Speech to Action App: Practical A.I. on the Lakehouse using Transformers

Sathish Gangichetty
6 min readMar 30, 2022

--

If you’re reading this, you probably get the hype behind a data lakehouse these days! But, have you thought about what needs to happen to make the lakehouse deliver on the AI promise? Pretty much every data company in the world talks about being able to make your AI promise come to life. Usually, this turns into a pipe dream because their offerings are too narrowly focused or too fragmented. Narrow focus is generally good to build strength in one area, but far too often, companies harvest their brand by making expansive promises beyond what their offerings are truly capable of doing well. For example, conventional data warehouses/platforms masquerading as lakehouse offerings claiming to power AI.

Therefore, it becomes imperative to show how the tech needs to not just be capable of delivering on the promise of industrialized AI , but also accommodate a modern consumption pattern…a pattern predicated on how insights can be made inclusive for all levels of users to minimize friction in consuming the intelligence that these platforms drive. In other words, what most companies want out of their AI initiatives is “simplified access to a powerful insight for everyone”. A functional, feature-complete lakehouse offering should natively offer this capability, while being flexible enough to accommodate a new range of simplified consumption patterns never seen before. The details around the complexity of the implementation and such…,although deeply important, is not as important as democratizing this power without losing the flexibility and control over the ability to innovate.
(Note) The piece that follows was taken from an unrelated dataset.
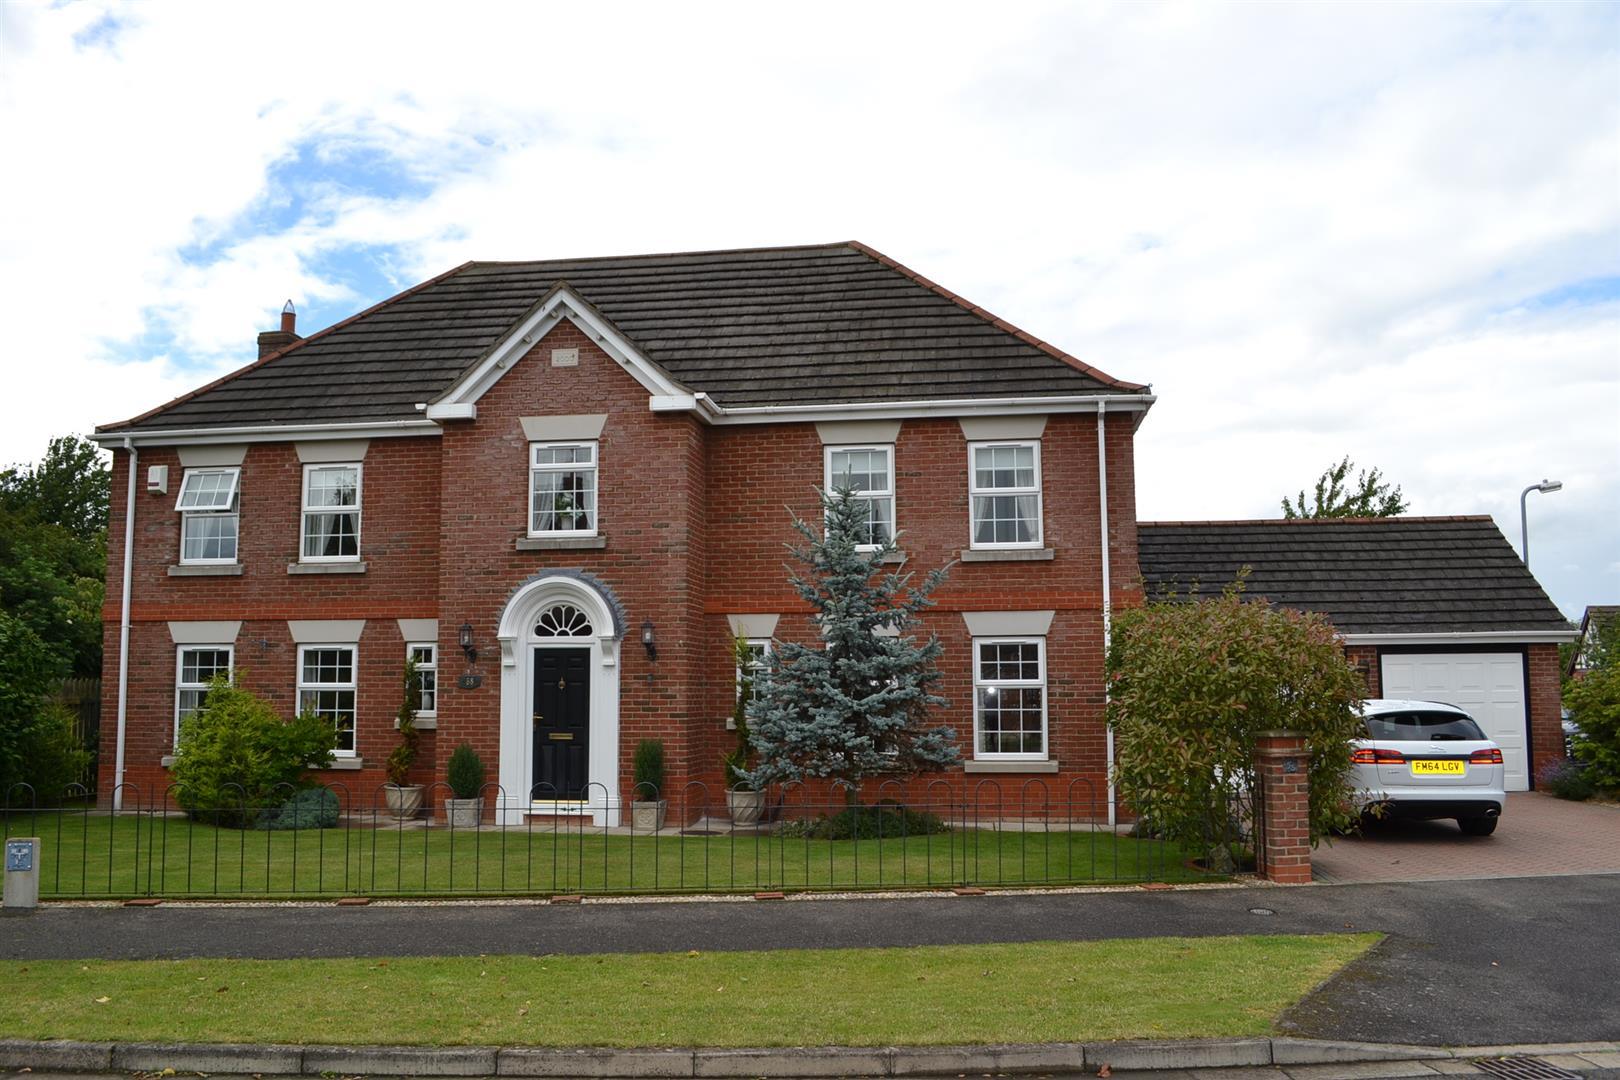 4 bedroom property in Heckington

With this, let’s jump into characterizing our problem statement.

Today, if you are a business user, the typical response you get from tech teams around any analysis to make decisions is usually like “go to this dashboard, look at this chart after selecting some X on the drop down menu, click on another button and then export to excel”. If you need something else, well you need to go to another dashboard, track down the widget… you get where I’m going with this. What if, there’s a way to show how to deliver the power of the lakehouse to your average business consumer without driving them into the “maze of consumption” (a.k.a. confusion)?

So let’s use that as the business case here and build out an application that showcases a template for how to build apps on the lakehouse. To truly qualify as an app that showcases the promise of the lakehouse, we need to tap into what’s traditionally considered alternative data sources (i.e unstructured data such as text and audio) and use that to drive democratization of enterprise assets (expert know-how of anything from writing queries to model building).
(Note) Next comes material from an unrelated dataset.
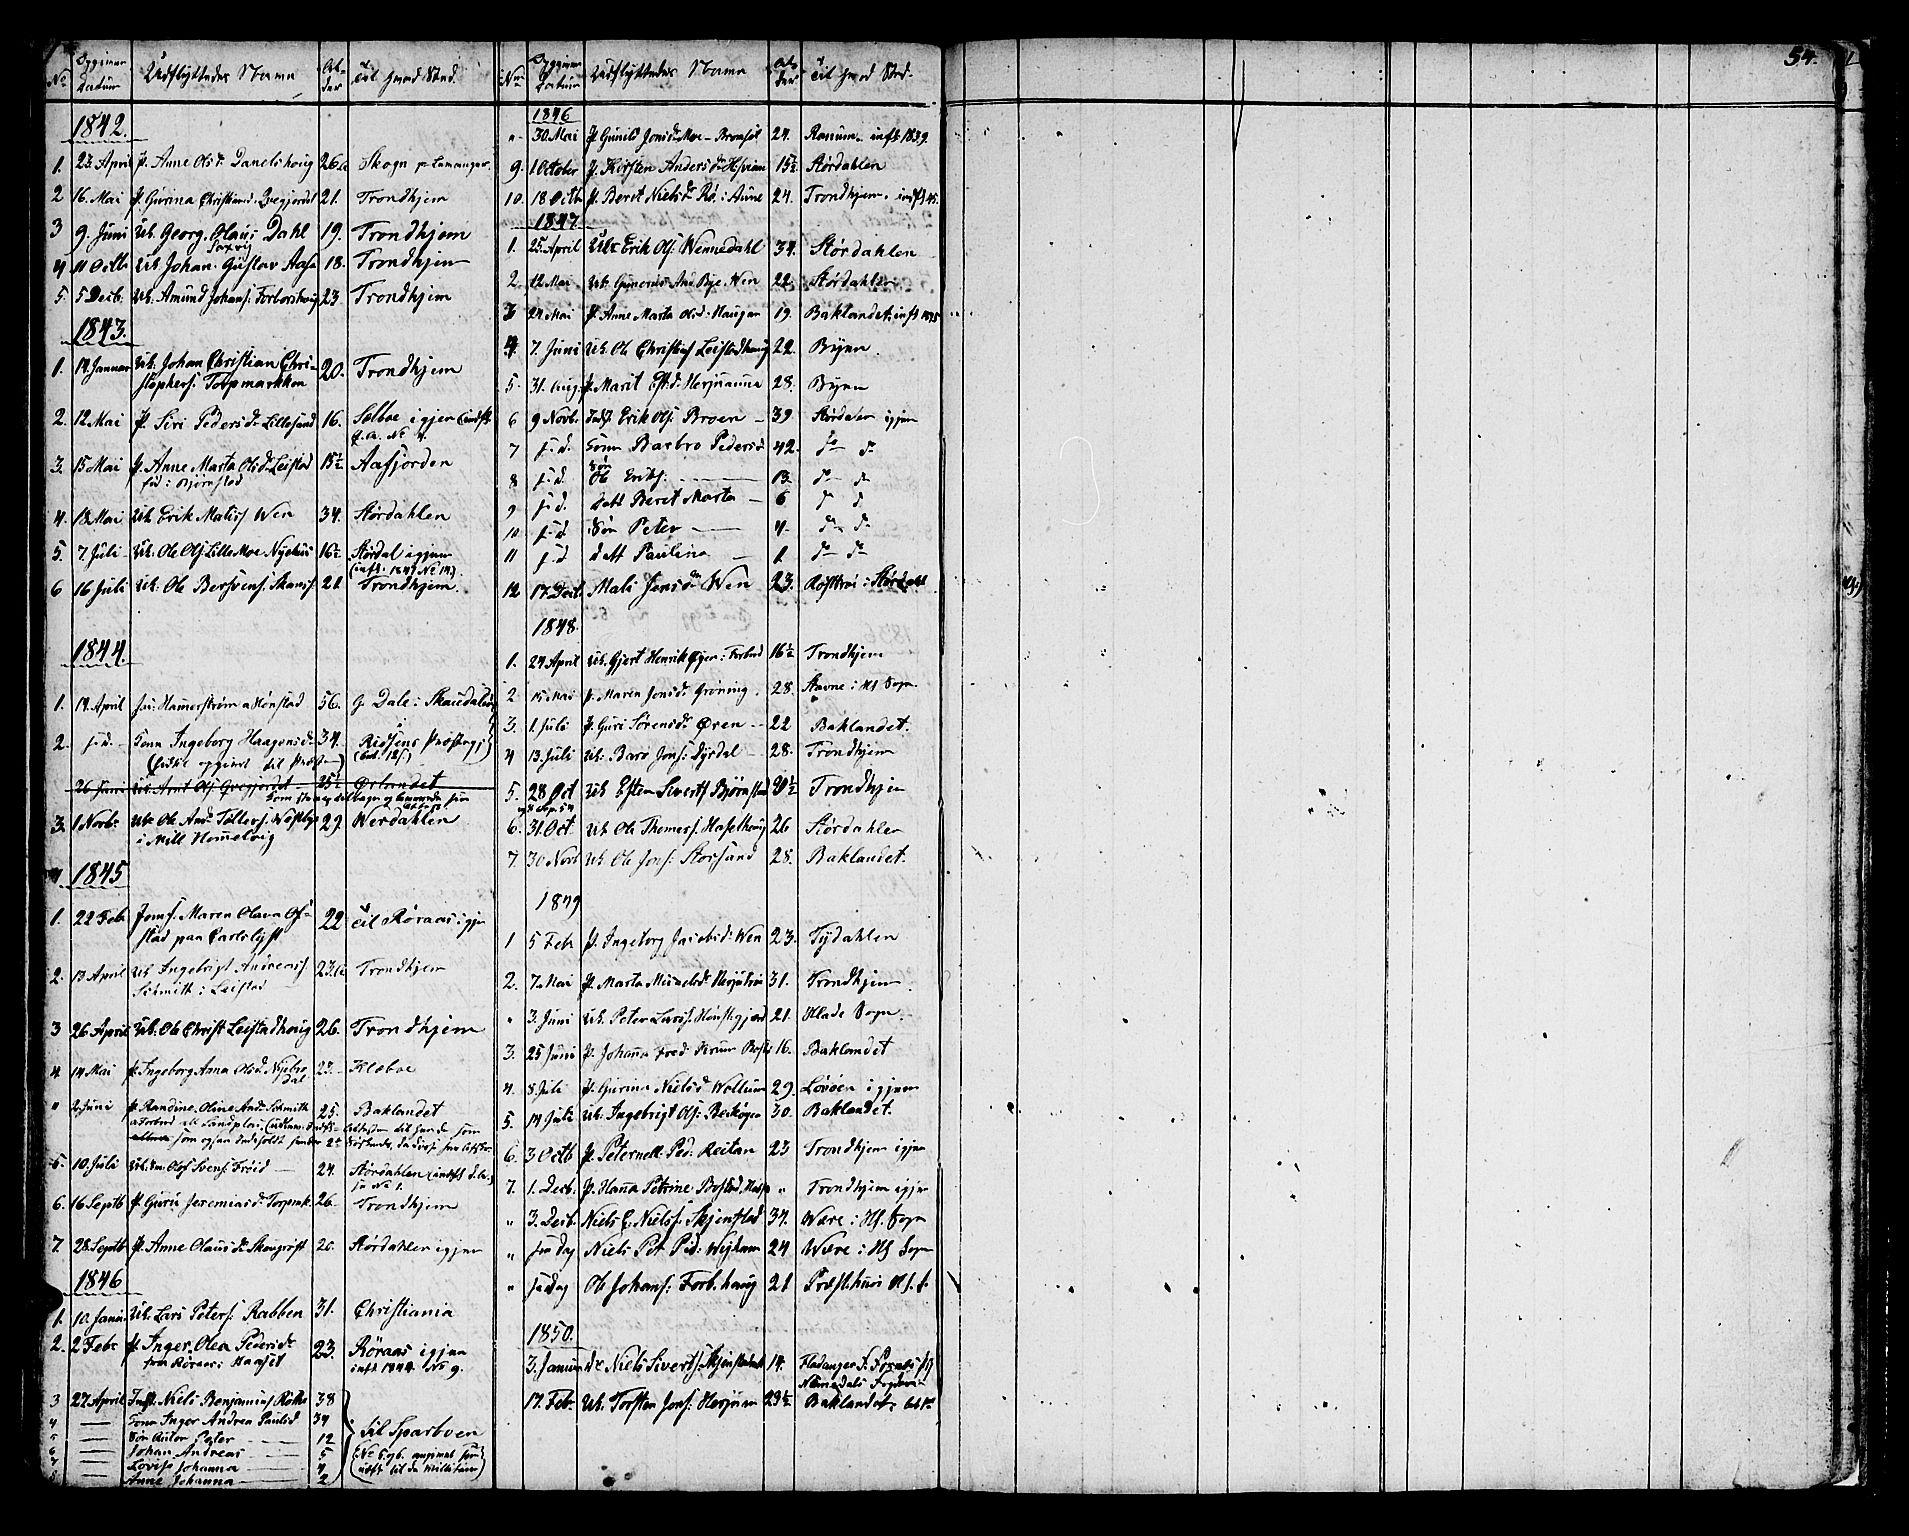 SAT, Ministerialprotokoller, klokkerbøker og fødselsregistre - Sør-Trøndelag, 616/L0421: Klokkerbok nr. 616C04, 1834-1850, s. 54

Isn’t it funny that I called it unstructured data because that’s the closest type of structure that we, as humans, are programmed to understand naturally? This is why children pick up language first before they pick up how to read a table. But as is the case in many things with tech, we formalize definitions based on our distorted view of what’s possible with limited tech i.e. tables. Reality as we perceive has no separation between structured and unstructured data, so your data platforms should follow suit, one would think? At least, that’s how data platforms should evolve — leaving behind the ones that still create silos or are immature to deal with all kinds of data.

Thankfully, as we know it, that’s changing with the lakehouse. It brings about a mindset change where unstructured data is as much a first class resident as structured data.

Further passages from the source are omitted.